Во-вторых, в качестве национального символа он включается в процессы создания постсоветской идентичности, предполагающие противопоставление и советскому периоду, и Западу. Заметим, что в поисках альтернативной национальной символики постсоветской России использовались и образы других представителей отечественной фауны; особенно любопытен «русский волк», не связанный, подобно «русскому медведю», с традиционной и архаичной Россией, с ее водкой, икрой, матрешкой, широкой русской душой. «Русский волк» должен стать символом «новых новых русских», «русских эпохи Путина»[20].
В-третьих, брендинг медведя стал задачей политической пропаганды «партии власти». Появившись на логотипе Межрегионального движения «Единство» (Медведь) накануне парламентских выборов 1999 года, он перекочевал и на символику «Единой России», образовавшейся в результате объединения «Единства» с блоком «Отечество — Вся Россия» в 2003-м.
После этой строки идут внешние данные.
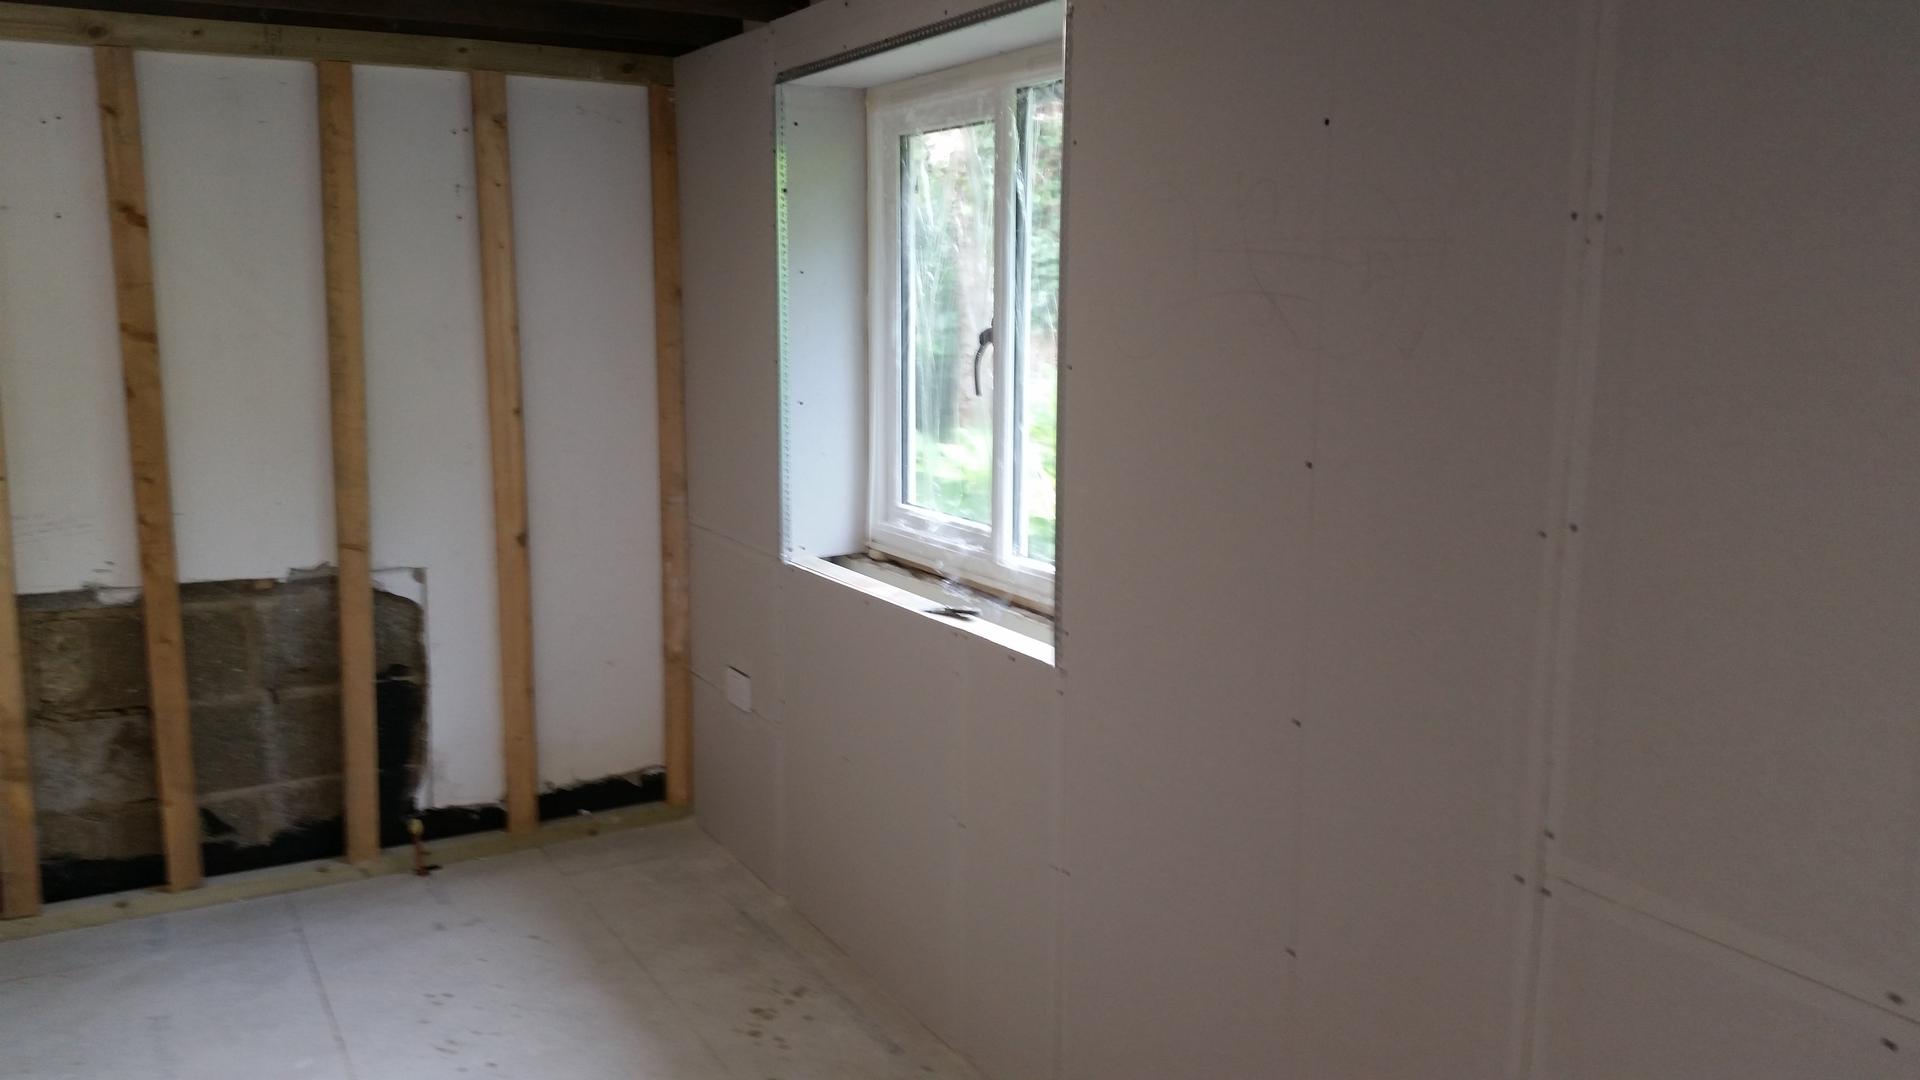 Plastering in Maidstone Kent Plasterer Heritage Plastering & Conversions Ltd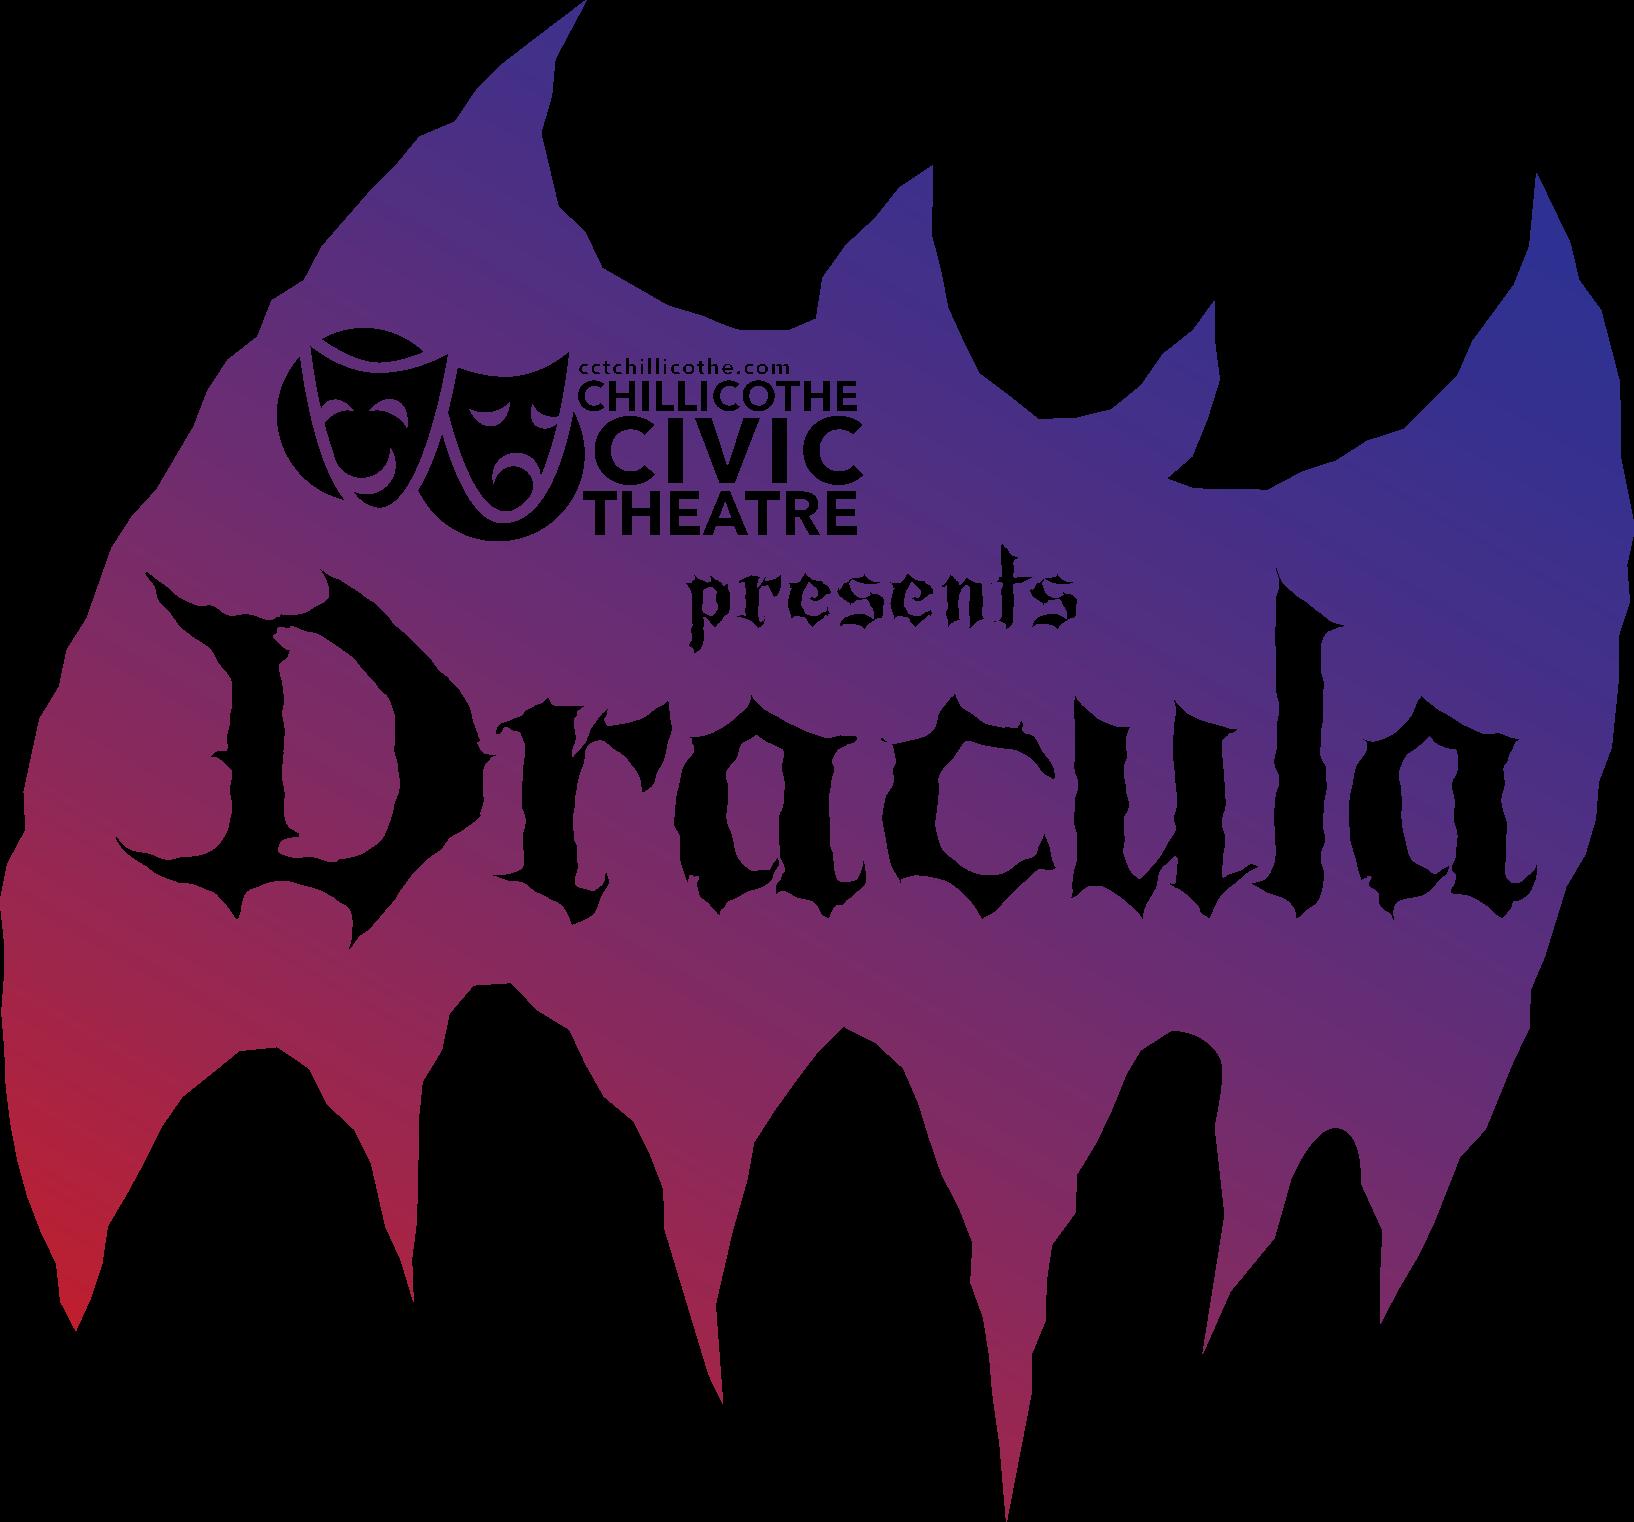 Dracula-Logo-color

Само появление «медвежьего» символа на политическом олимпе, как следует из рассказа таких информированных политтехнологов, как Сергей Лисовский и Владимир Евстафьев, стало, скорее, случайностью. Лисовский сообщает, что еще в 1998 году политологами было проведено исследование архетипов массового сознания, отраженных в русских народных сказках. Респондентам предлагалось соотнести образы политических деятелей России с образами животных, которыми сказки изобилуют. Обычно царем леса в русских сказках считается медведь: зверь не всегда добрый, но справедливый, поэтому его в сказках все слушаются. Вначале в образ медведя было предложено войти Юрию Лужкову, а после того, как он отказался, разработка попала в руки тех, кто создавал «партию власти». Они решили ею воспользоваться и создали царя-медведя в виде политической партии «Медведь»[21].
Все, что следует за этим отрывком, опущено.